Your task: Below are entries; output exactly the lines from the one with "Nike Sportswear Essential" to the one with "Grunge Butterfly Print", both included, and nothing else.

Source material:
::::

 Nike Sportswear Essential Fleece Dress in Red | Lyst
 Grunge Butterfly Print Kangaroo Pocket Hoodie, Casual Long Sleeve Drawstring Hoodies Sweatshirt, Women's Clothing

::::

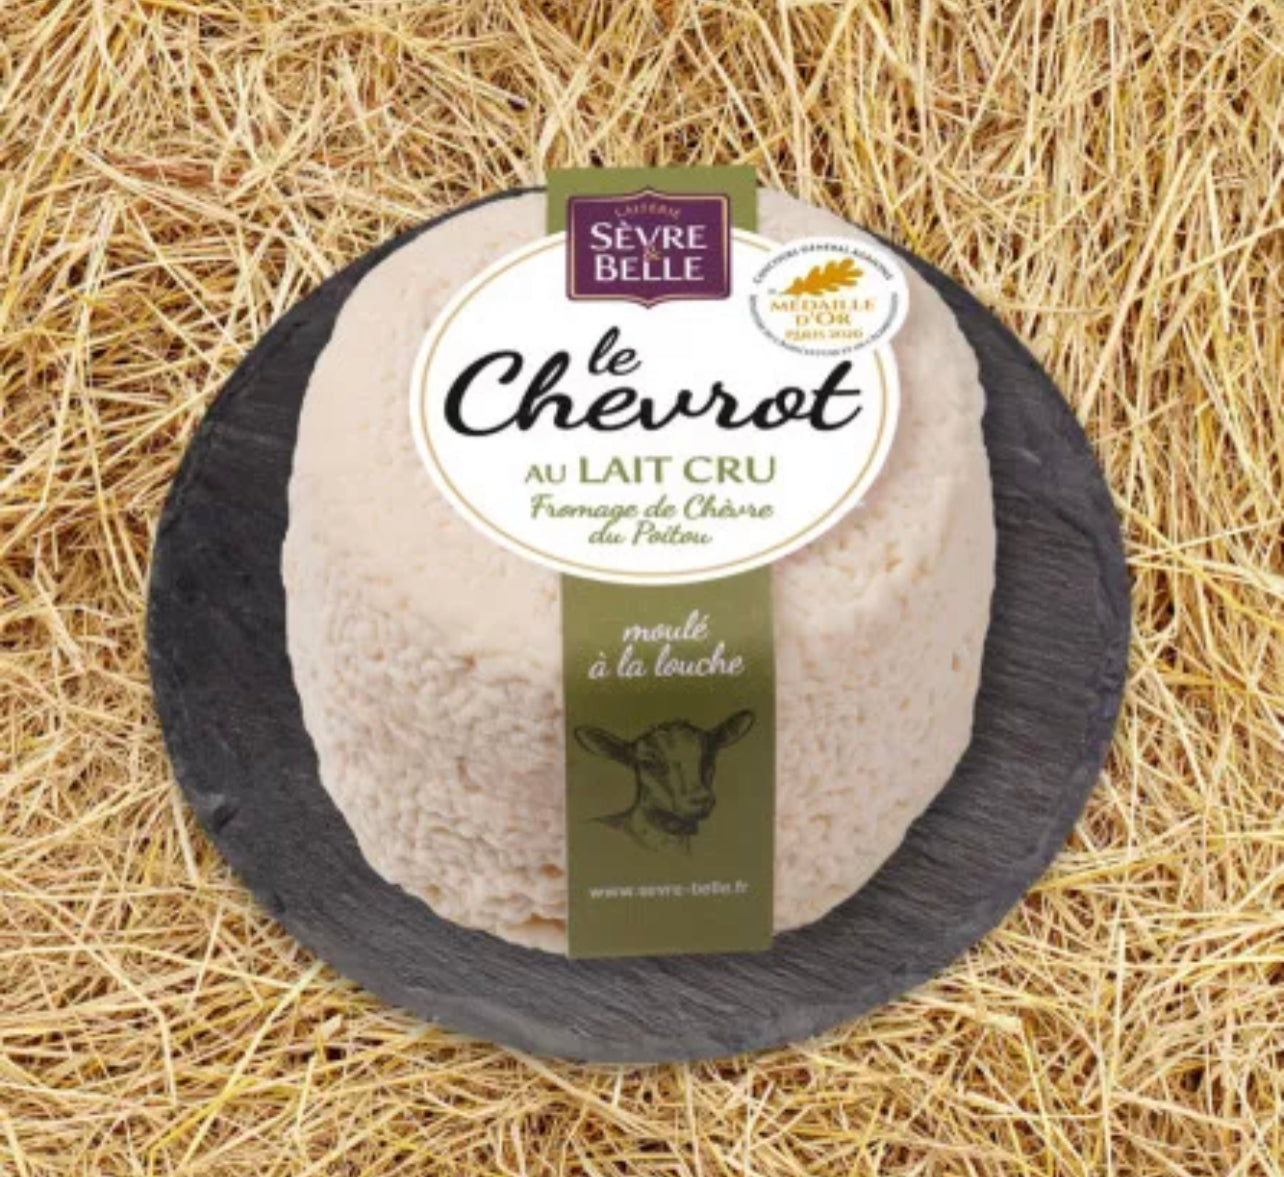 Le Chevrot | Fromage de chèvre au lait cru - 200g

::::

Answer space:
 Nike Sportswear Essential Fleece Dress in Red | Lyst
 Grunge Butterfly Print Kangaroo Pocket Hoodie, Casual Long Sleeve Drawstring Hoodies Sweatshirt, Women's Clothing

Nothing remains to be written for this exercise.